- [Problem]: Locate the line that contains "Fri Nov 18, 5:00 PM - Sat Nov 19, 5:00 PM" in the entries below, then repeat it and every following line through the line that contains "Innvielse av Elverhøy", exactly, and no others.

- [Recorded data]:

********************

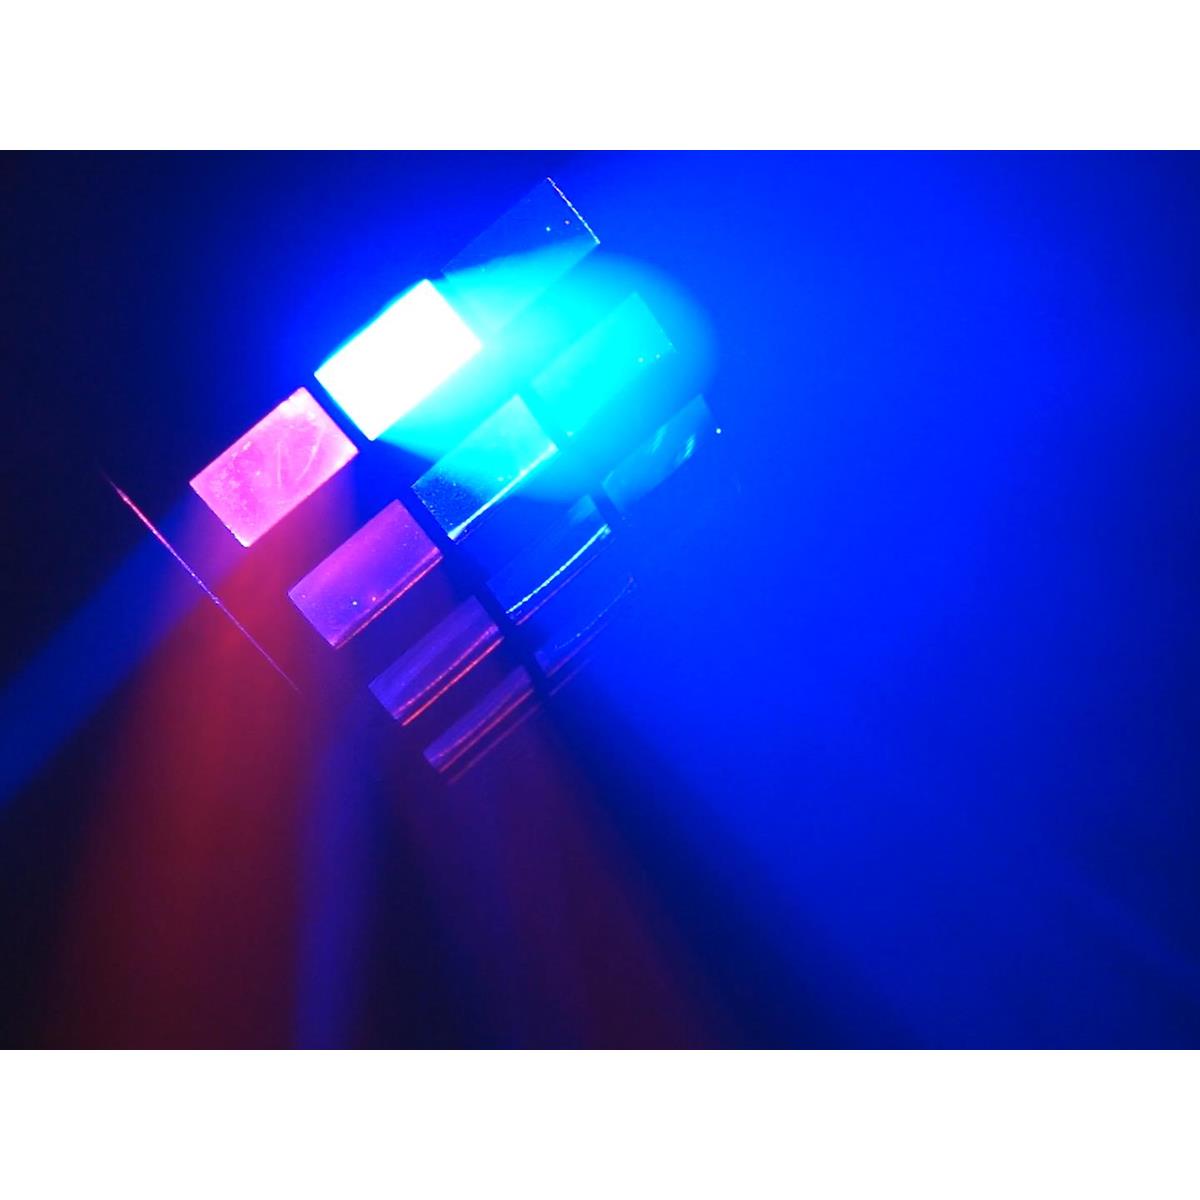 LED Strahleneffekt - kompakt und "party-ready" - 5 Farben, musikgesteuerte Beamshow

********************

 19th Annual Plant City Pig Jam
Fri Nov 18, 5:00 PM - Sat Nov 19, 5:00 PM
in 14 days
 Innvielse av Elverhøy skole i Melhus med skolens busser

********************

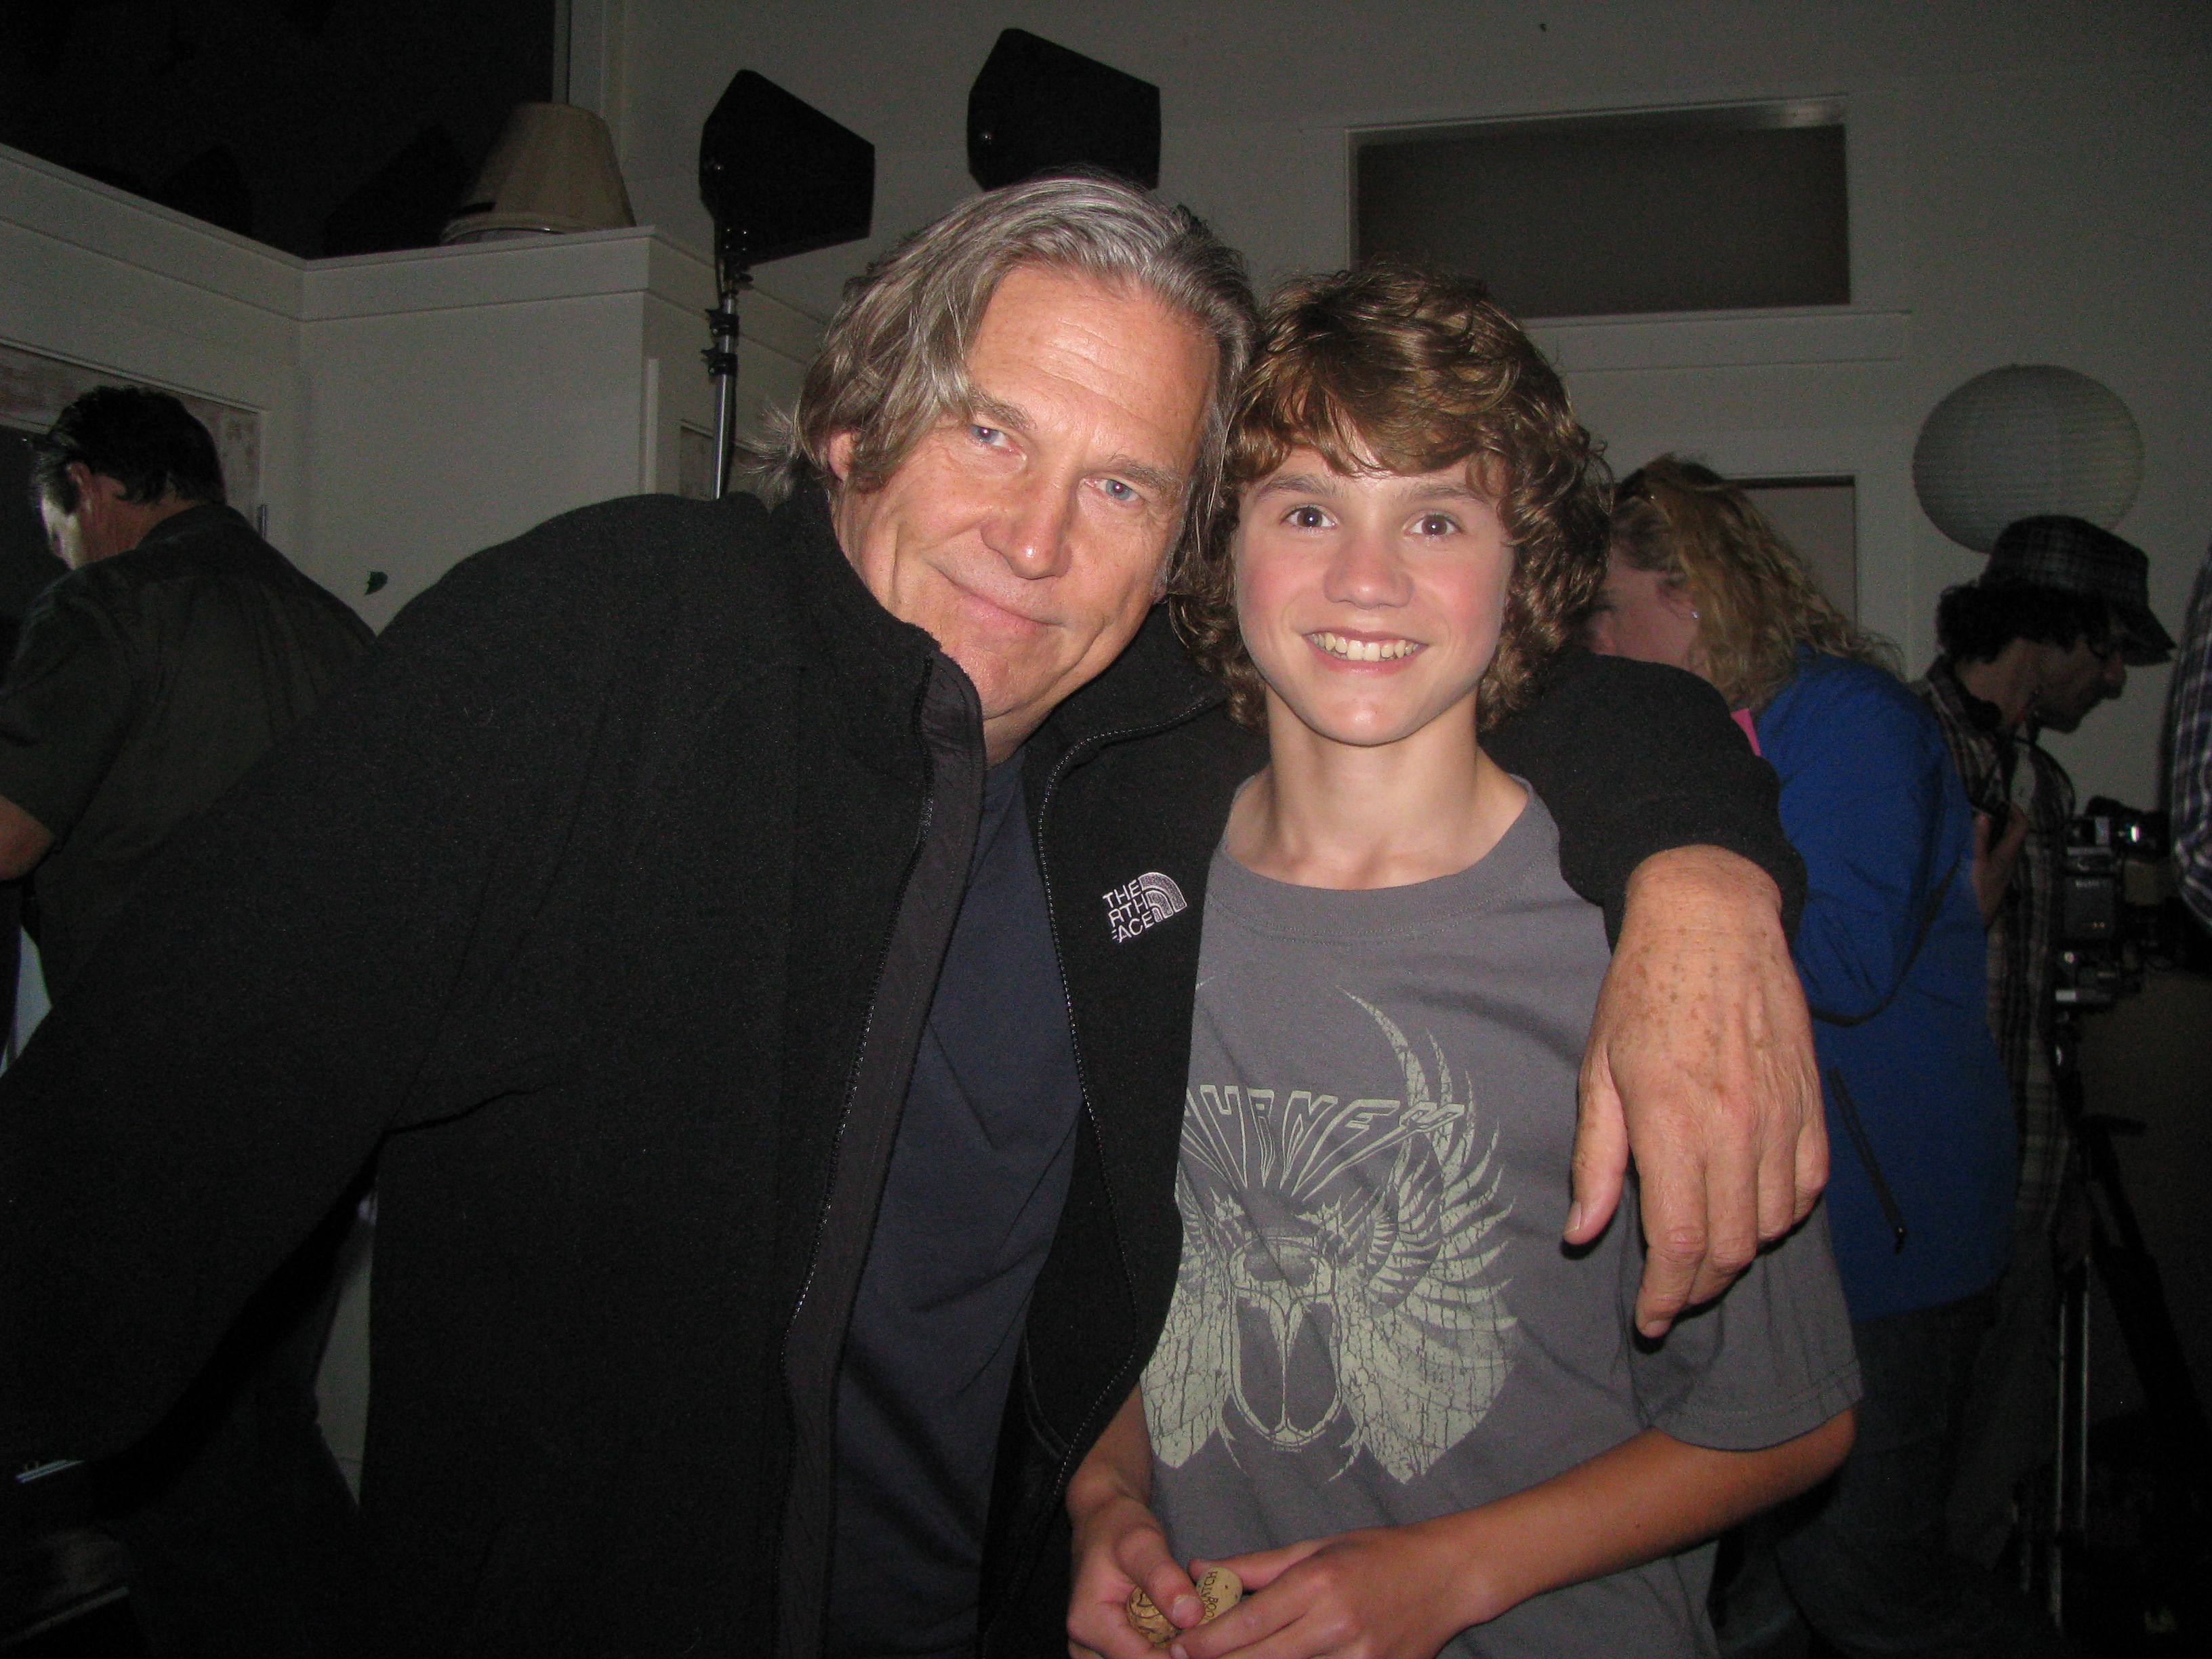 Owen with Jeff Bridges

********************

- [Output for this task]:
Fri Nov 18, 5:00 PM - Sat Nov 19, 5:00 PM
in 14 days
 Innvielse av Elverhøy skole i Melhus med skolens busser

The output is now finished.